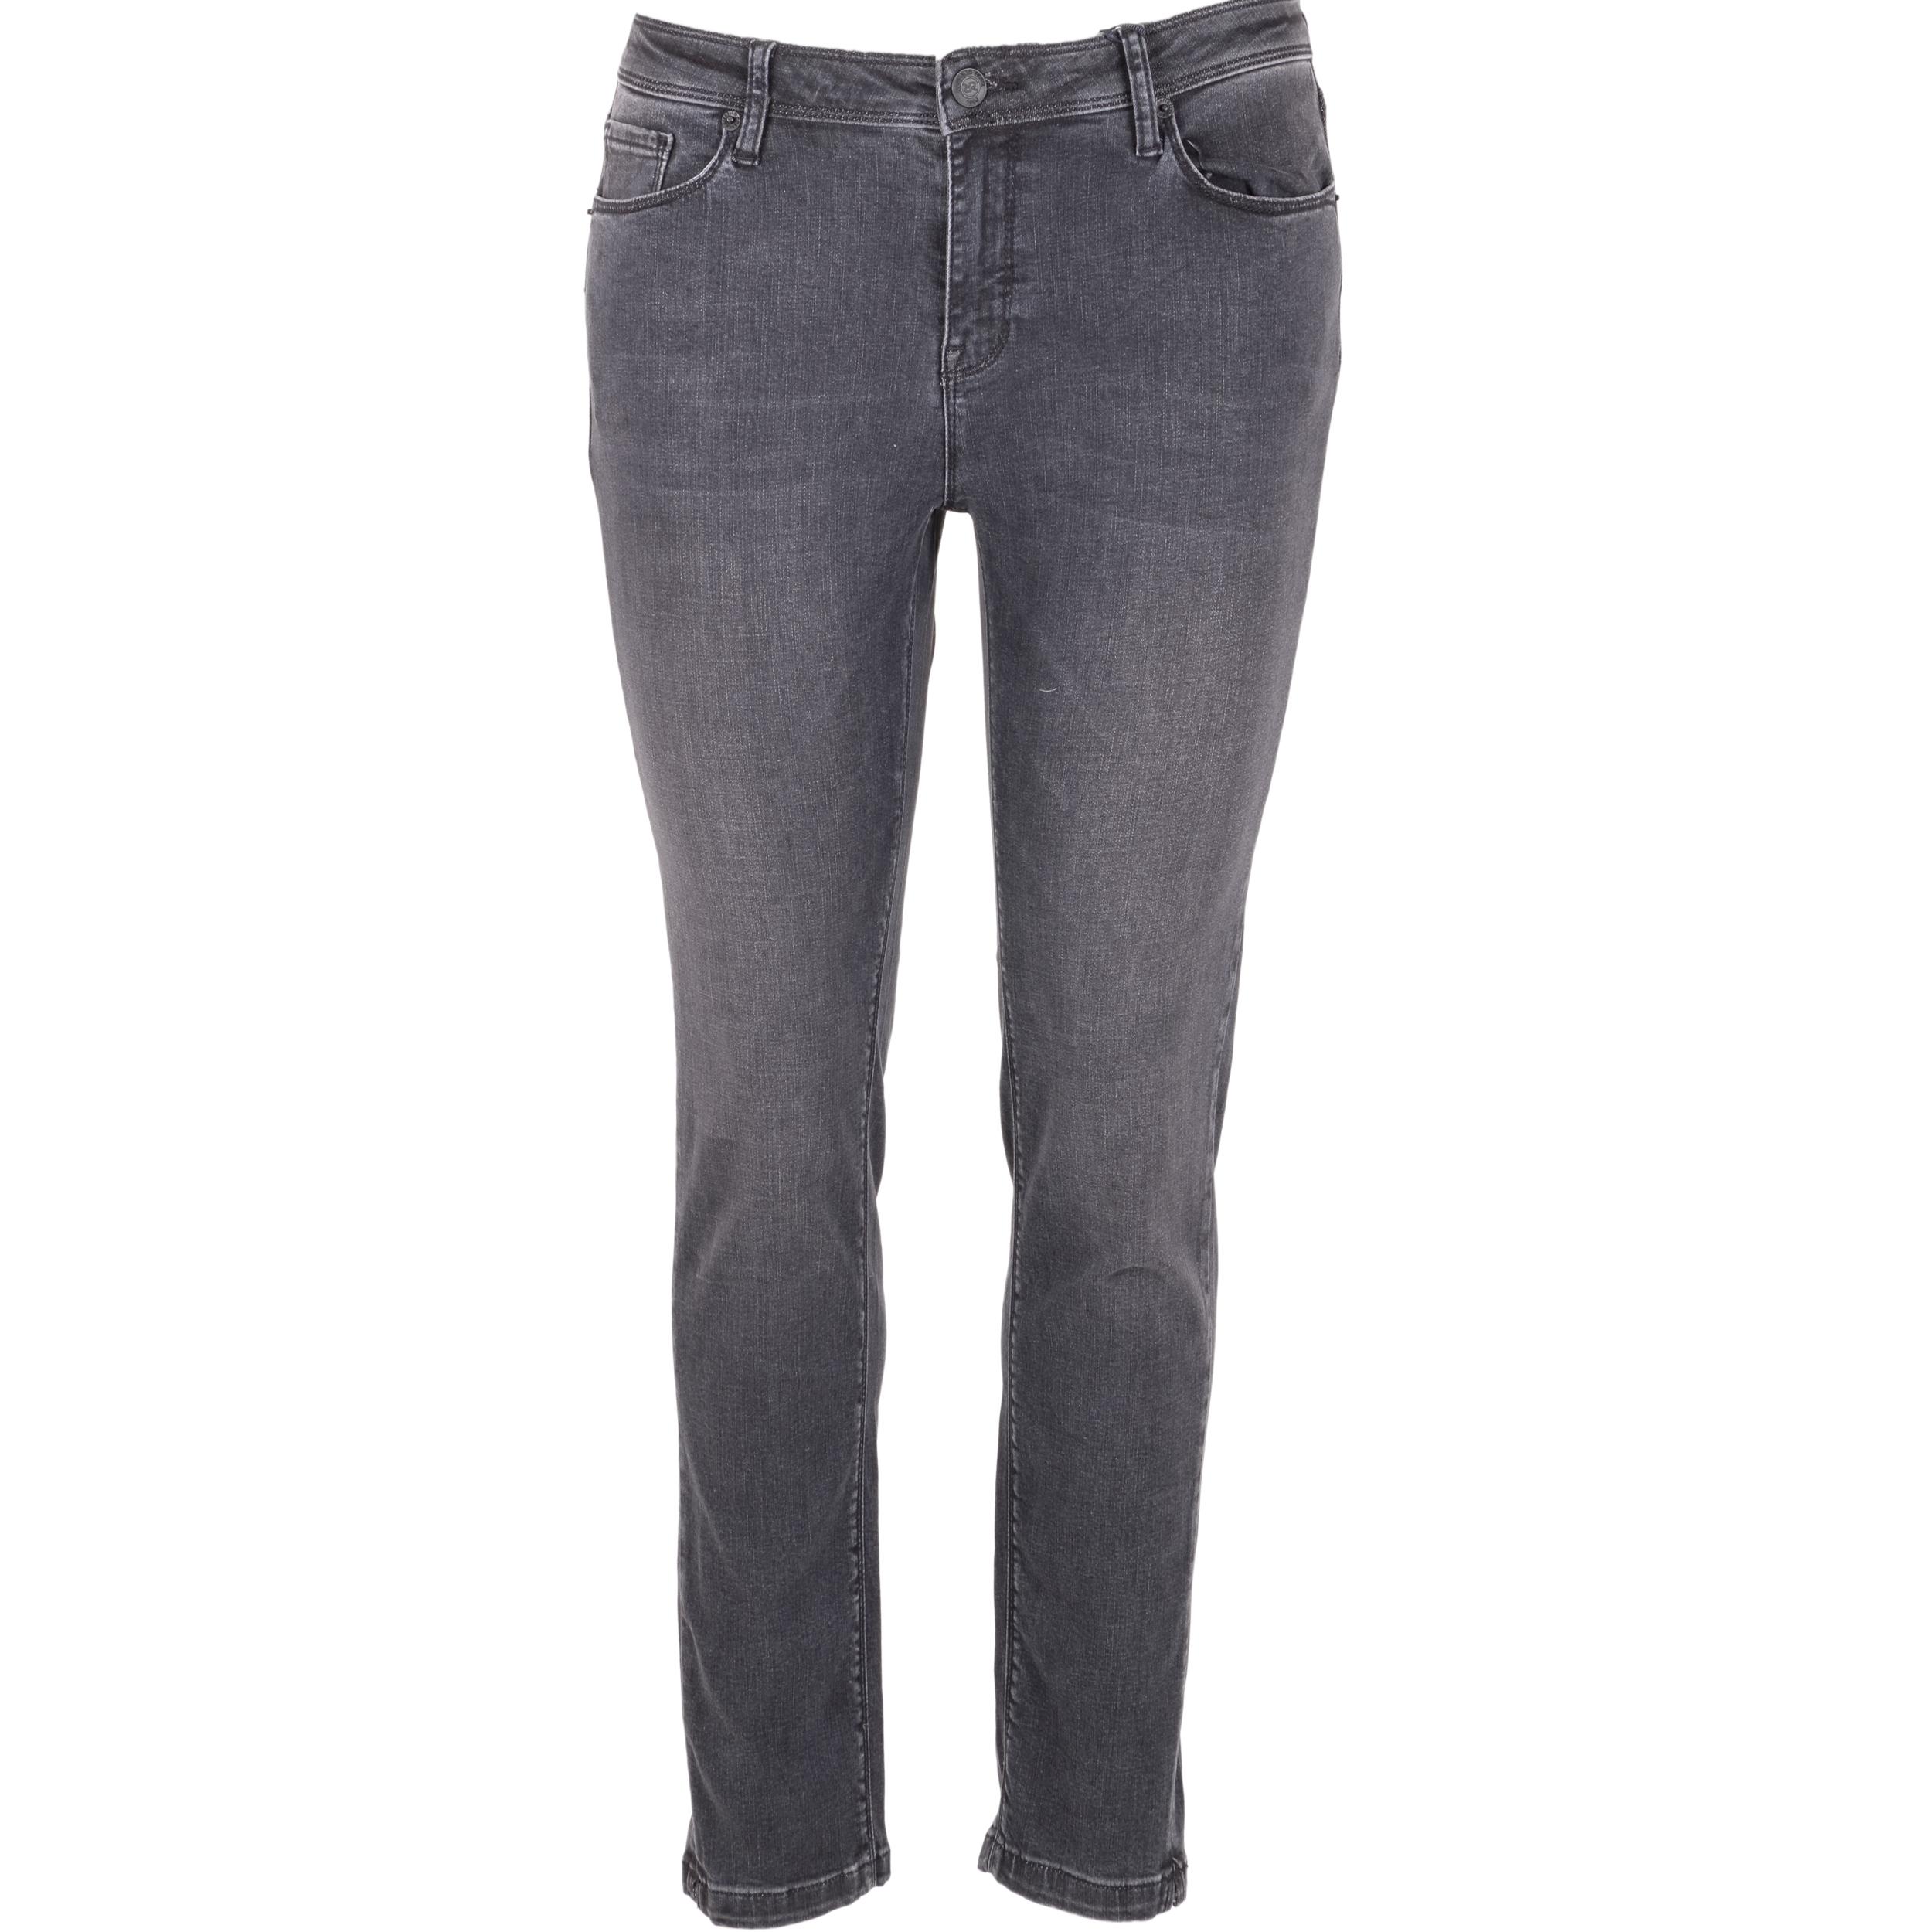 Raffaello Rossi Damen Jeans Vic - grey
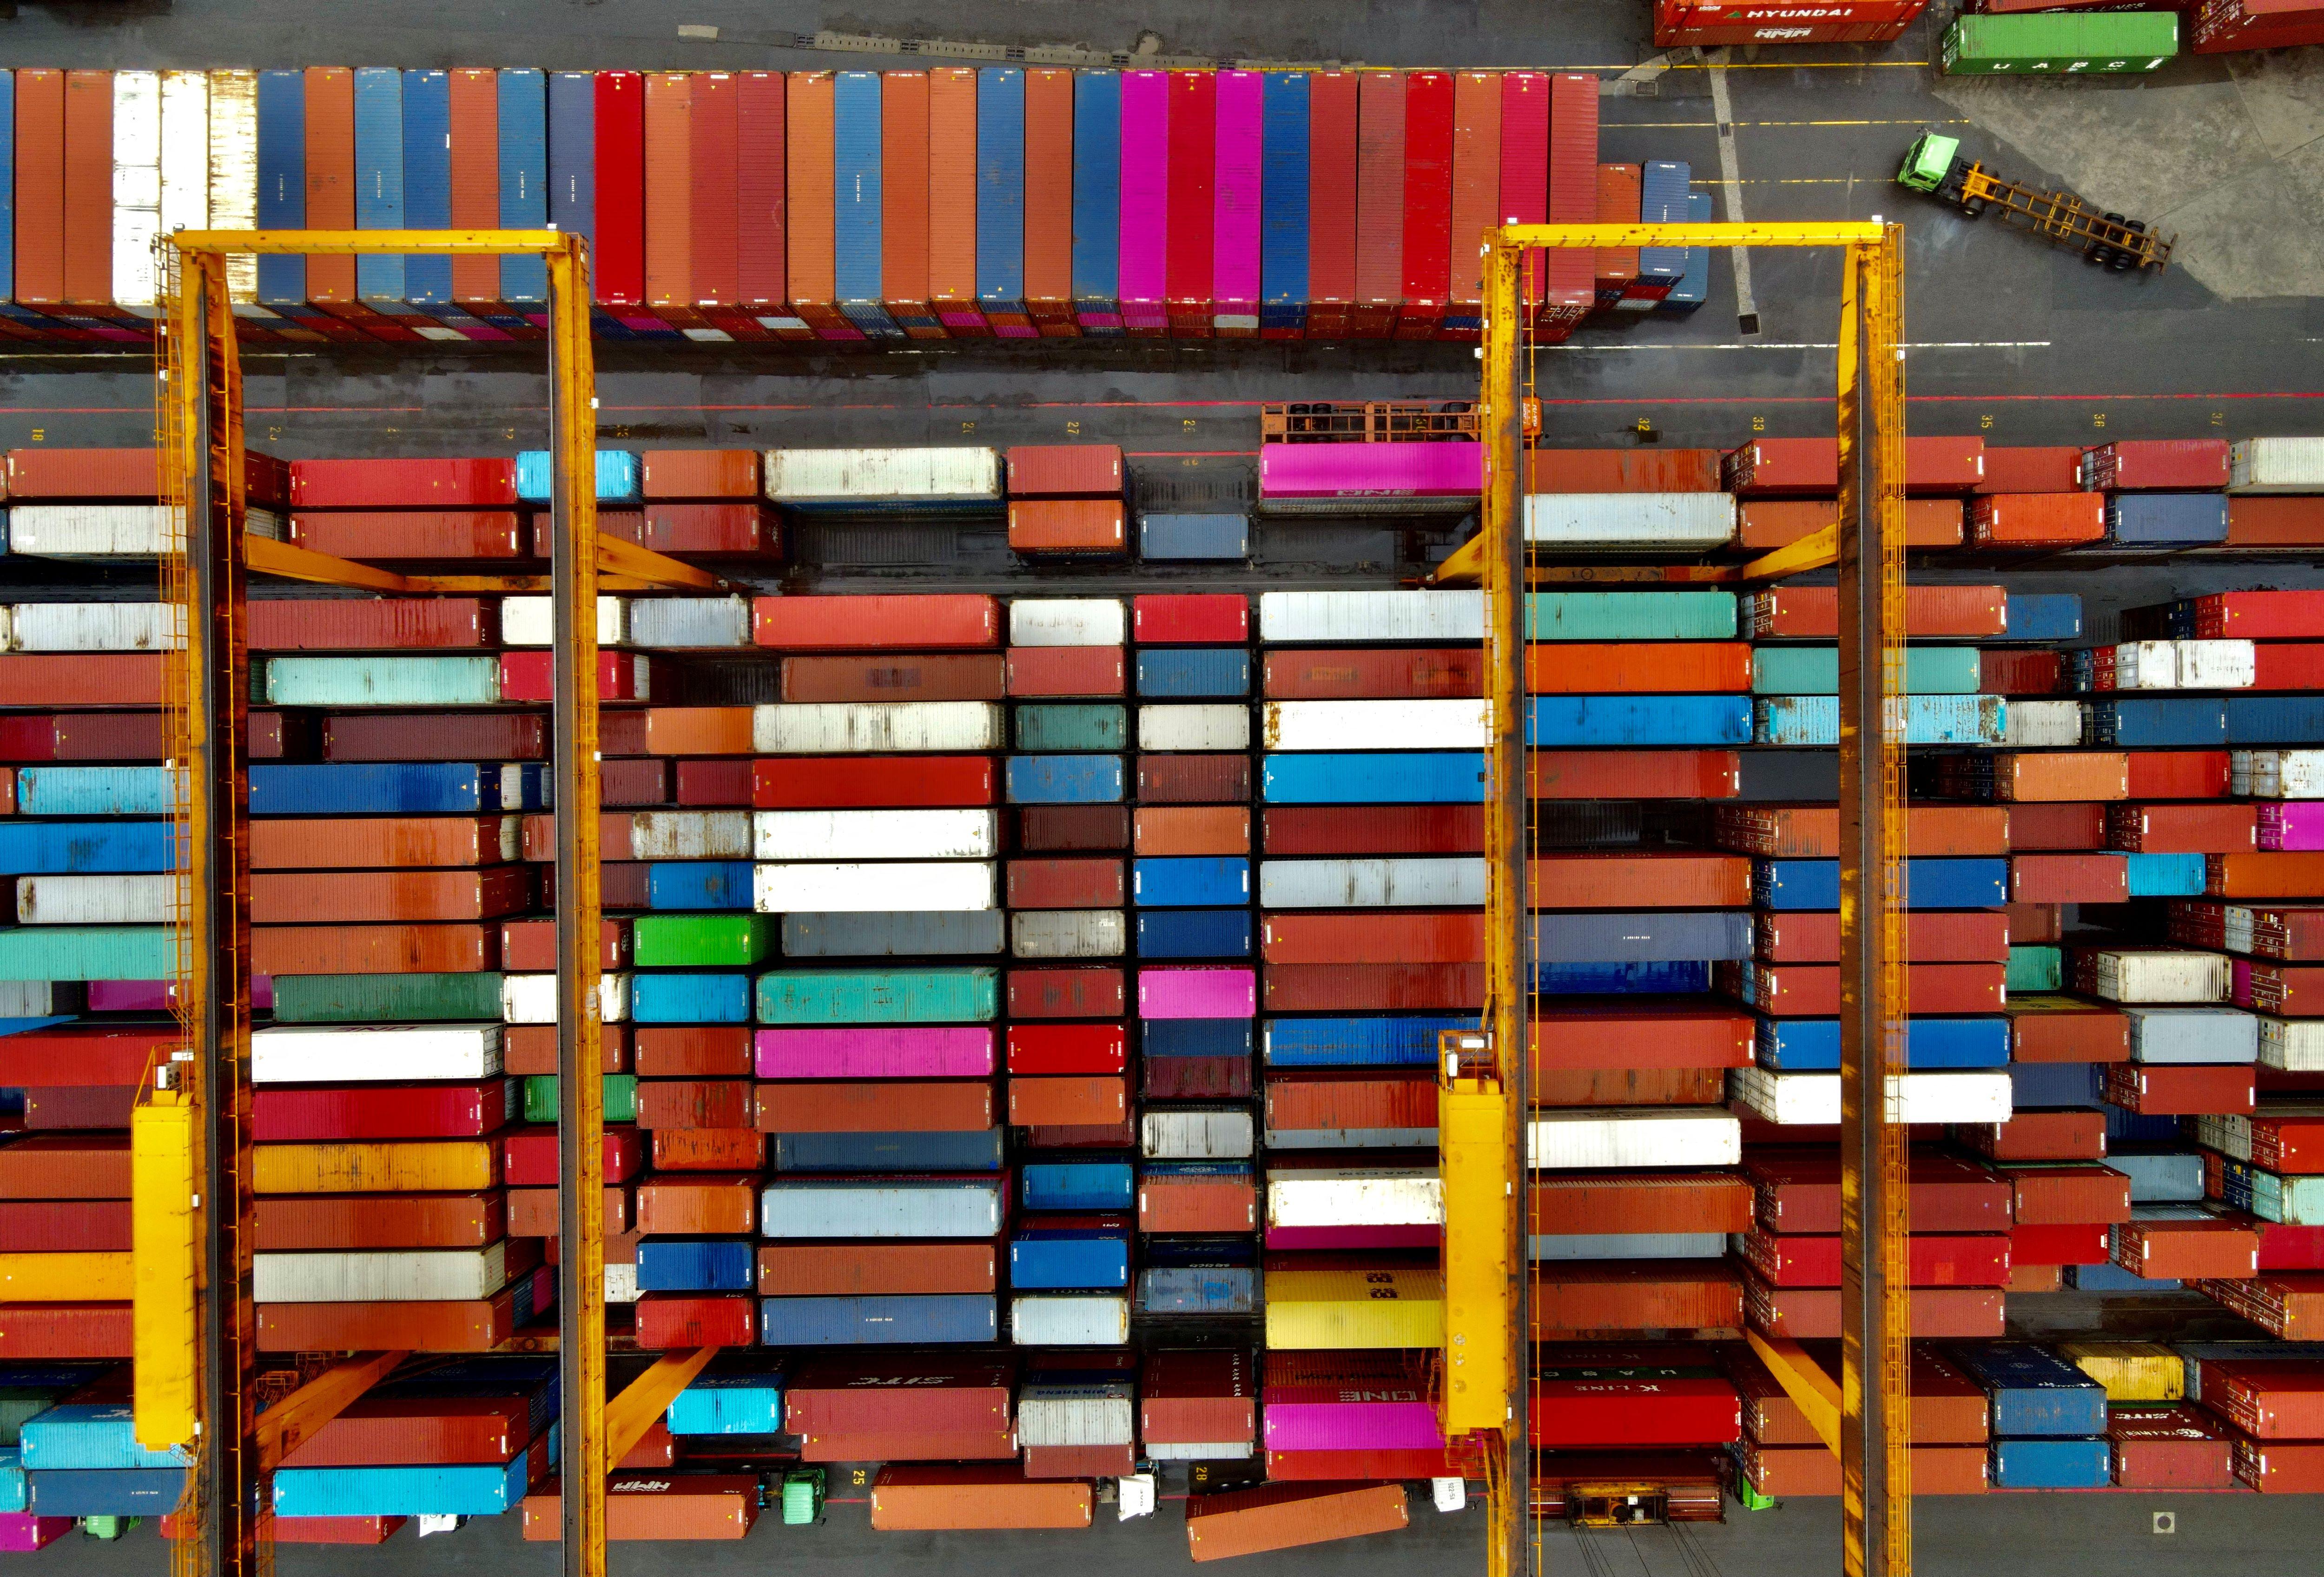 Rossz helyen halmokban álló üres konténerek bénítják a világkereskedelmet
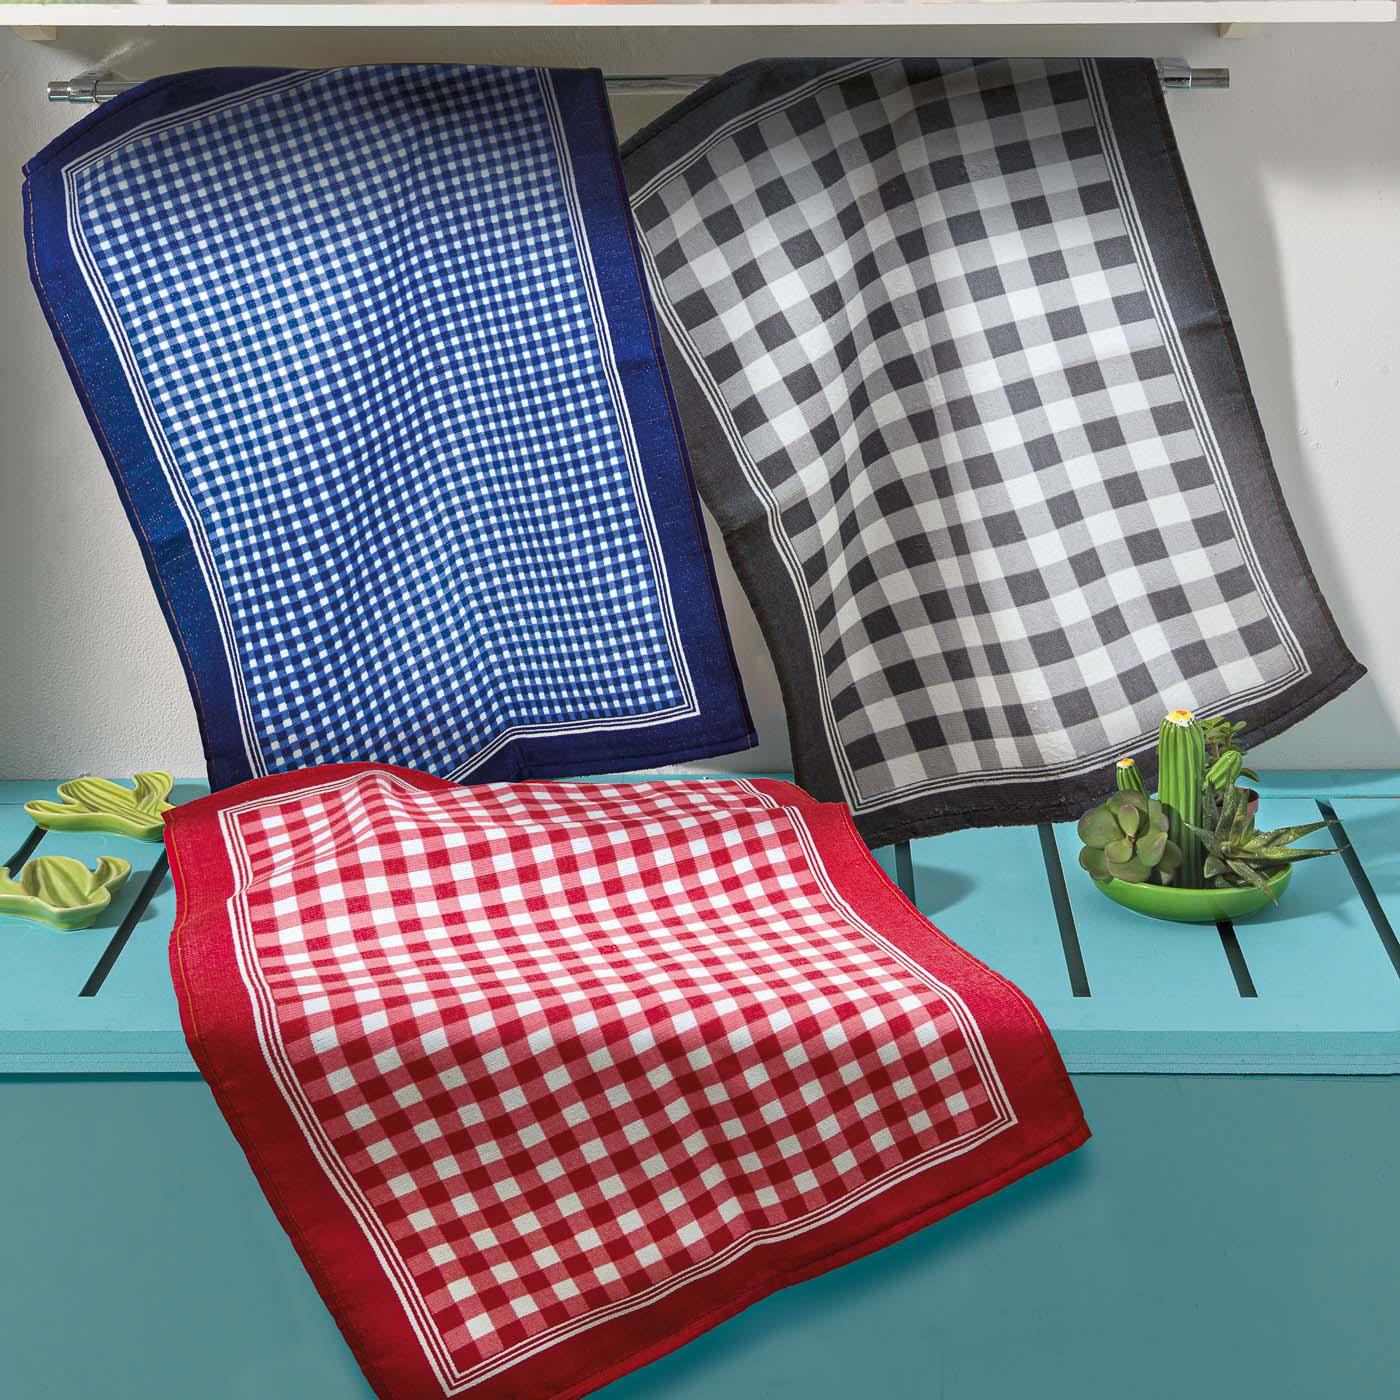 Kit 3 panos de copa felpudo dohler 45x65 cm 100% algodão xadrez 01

* What is required
Could you restate the material word for word, skipping any pictures it holds?

* Exercise response
 Raffaello Rossi Damen Jeans Vic - grey
 Rossz helyen halmokban álló üres konténerek bénítják a világkereskedelmet
 Kit 3 panos de copa felpudo dohler 45x65 cm 100% algodão xadrez 01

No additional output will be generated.